Raw data:
-=-=-=-=-
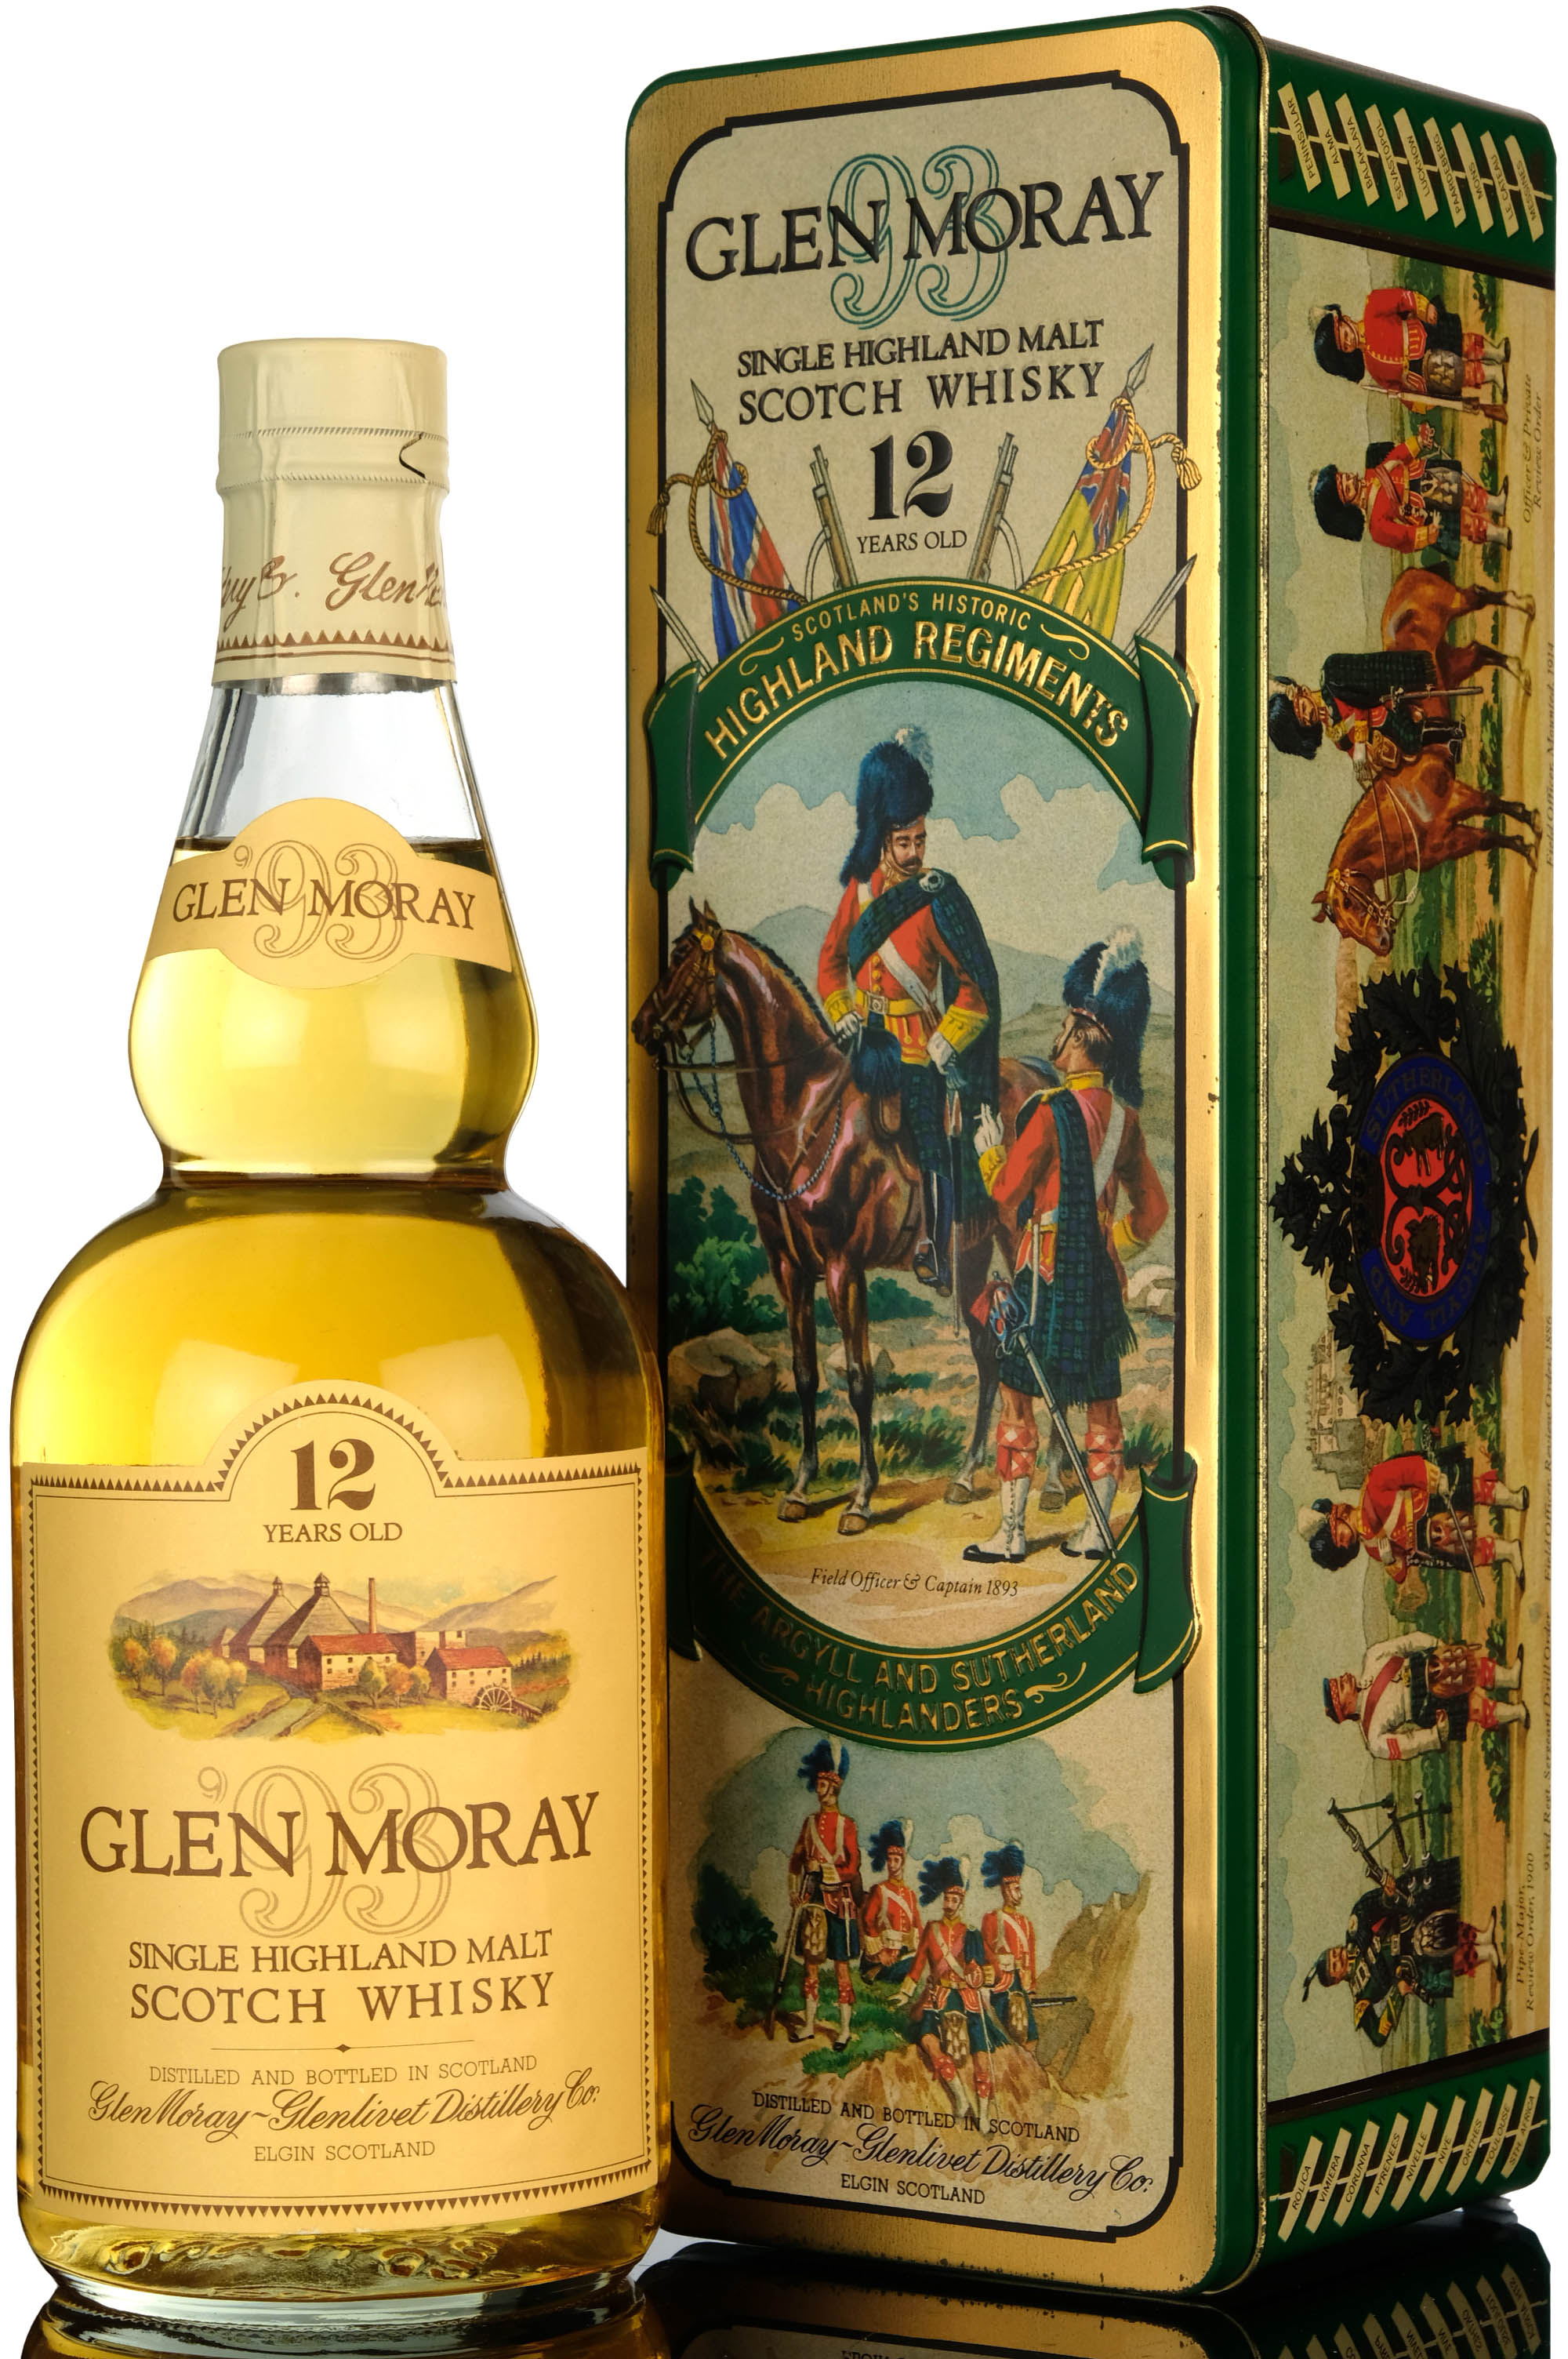 Glen Moray 12 Year Old - Circa 1990 - The Argyll and Sutherland Highlanders
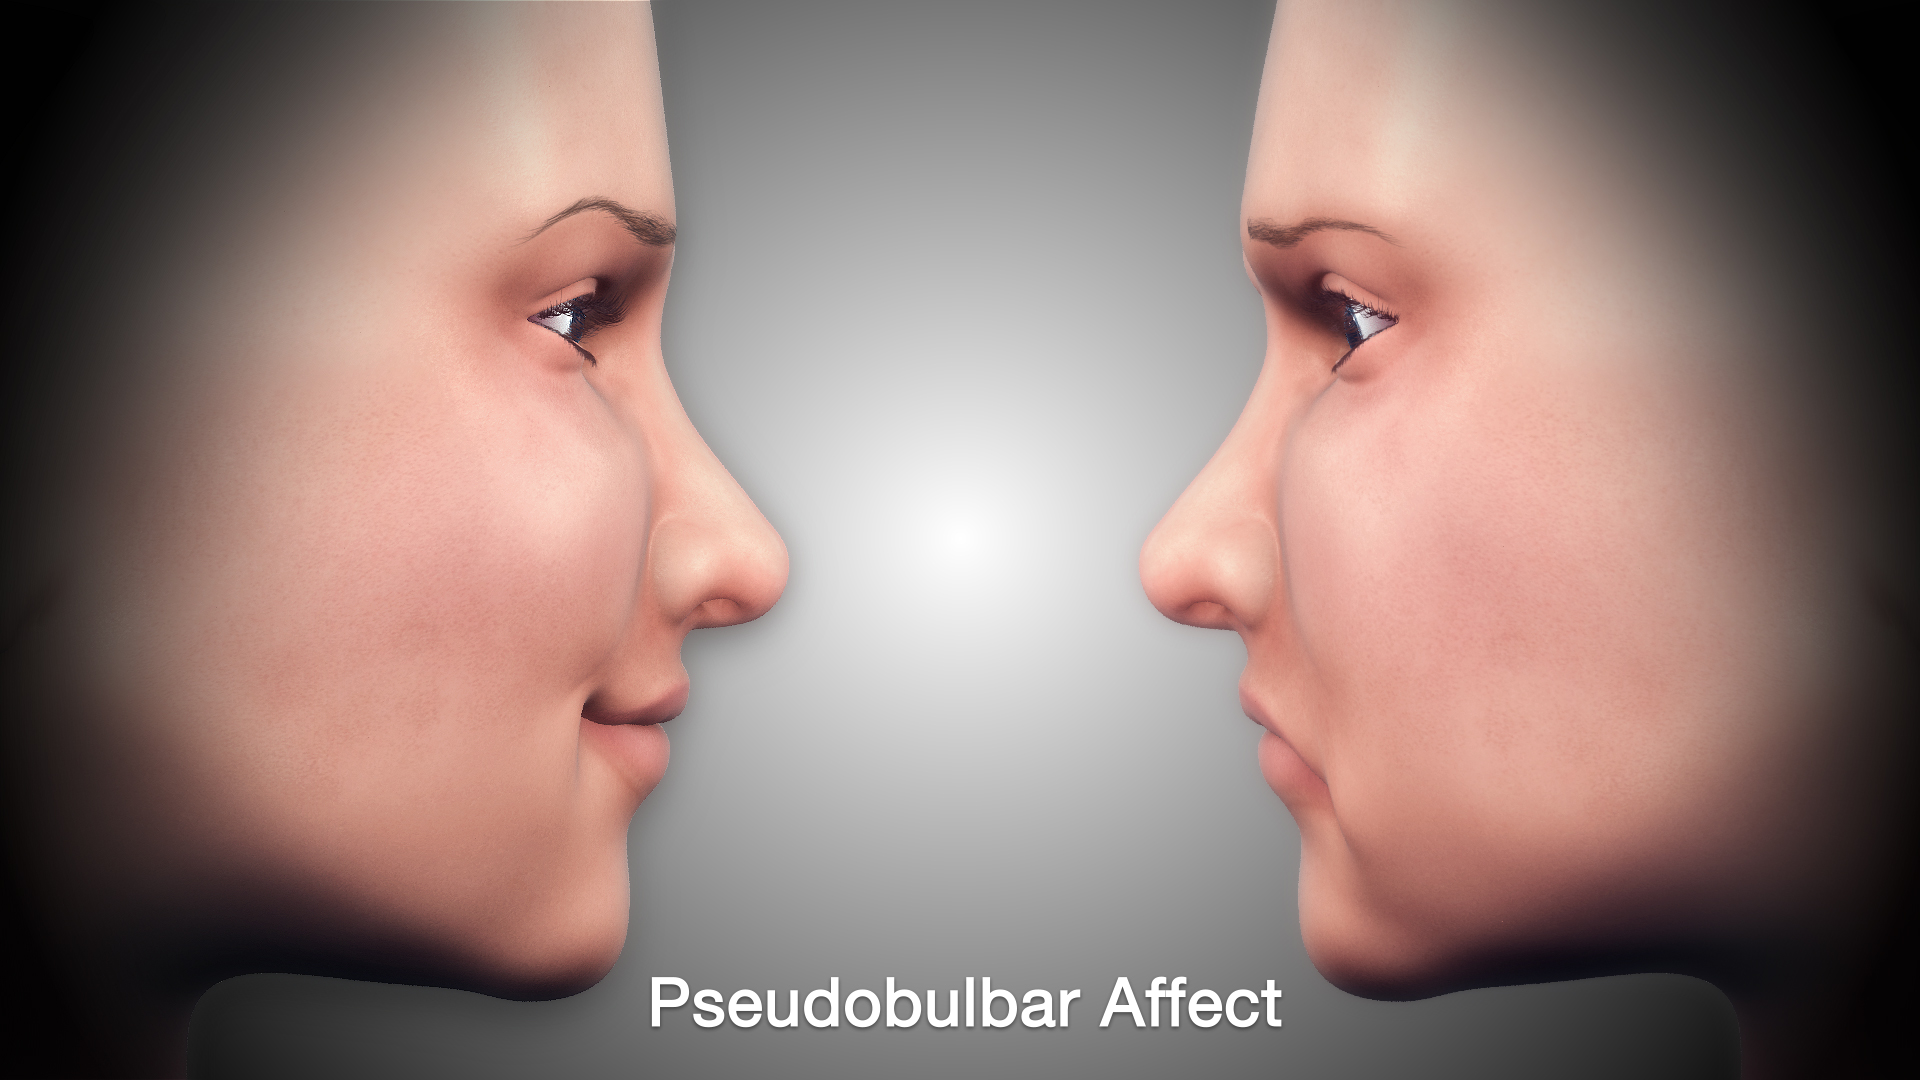 Medical Animation Illustrating Pseudobulbar Affect
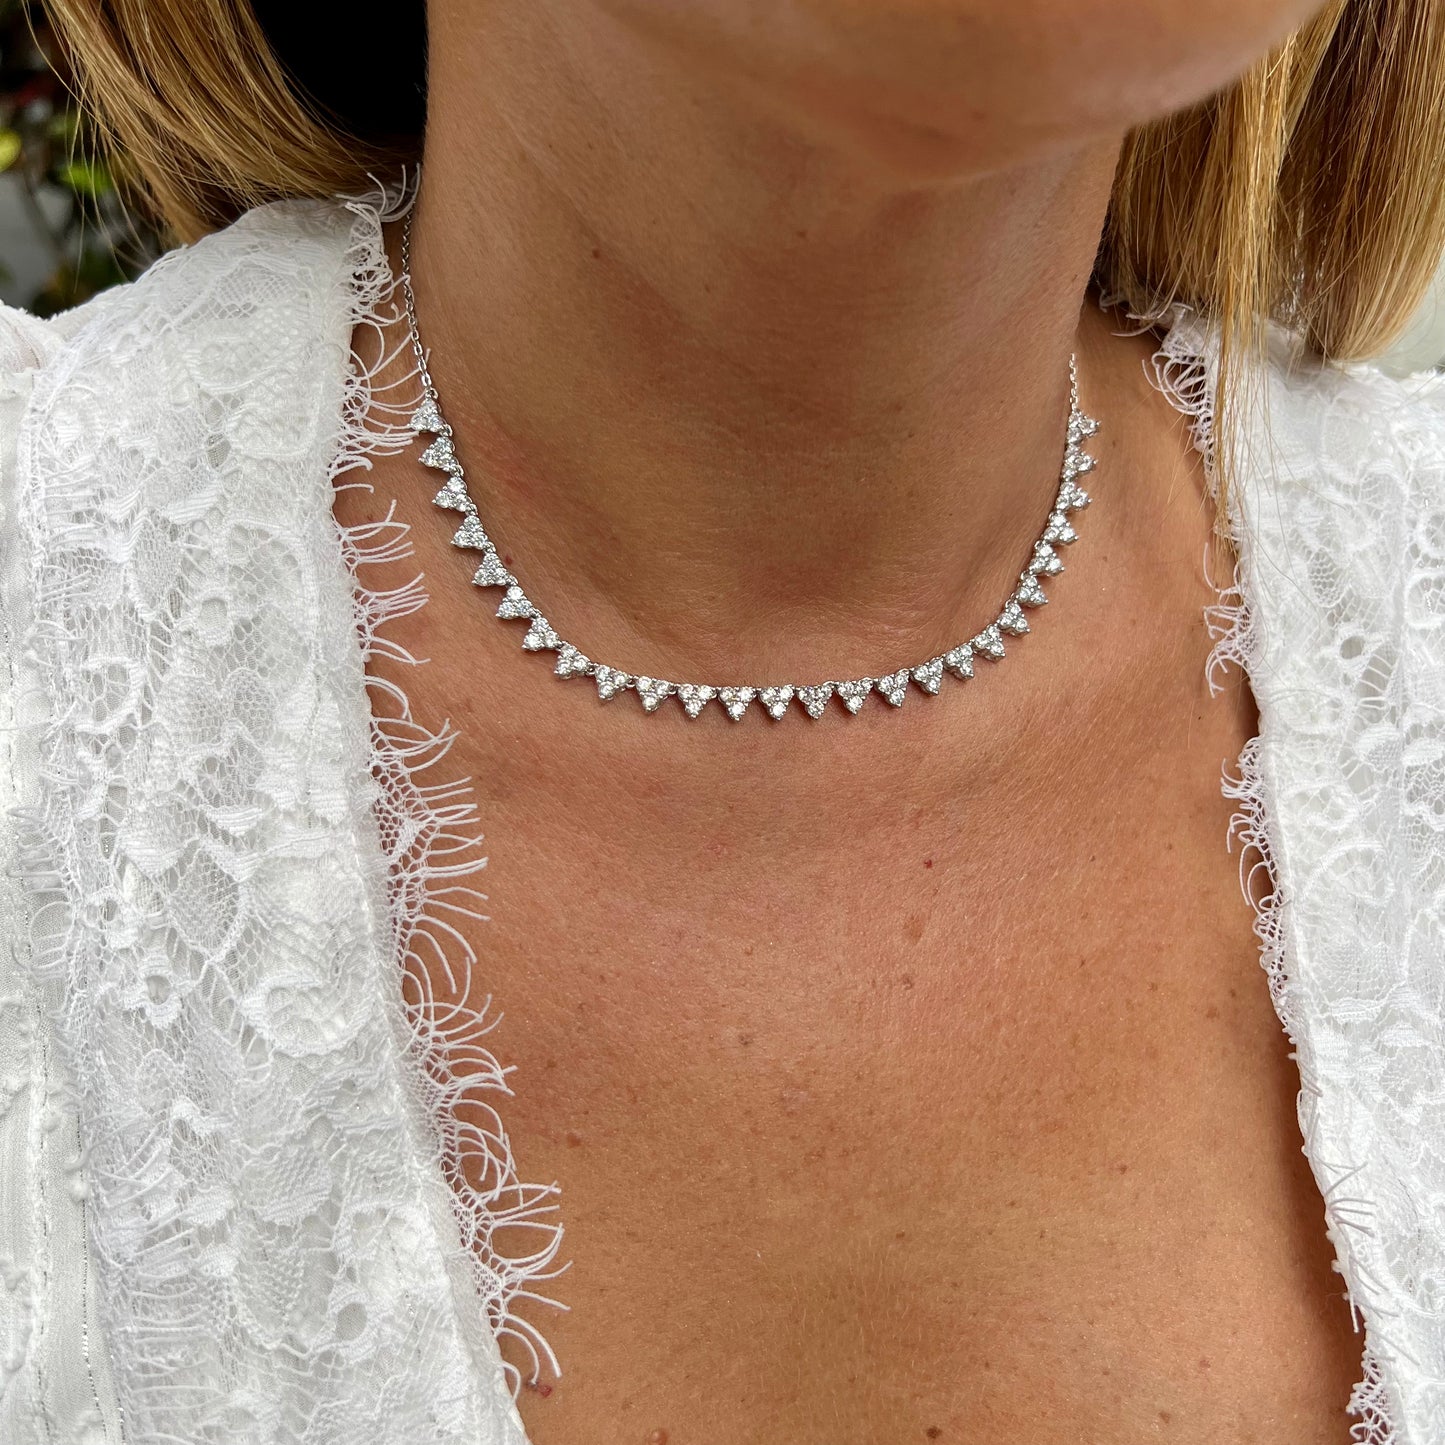 Skylar Necklace in Sterling Silver 925
-=-=-=-=-
Directions: Every line from the one containing "Medical Animation Illustrating" to the end of the material above is to be returned exactly, with the pictures left out.

Your response:
 Medical Animation Illustrating Pseudobulbar Affect
 Skylar Necklace in Sterling Silver 925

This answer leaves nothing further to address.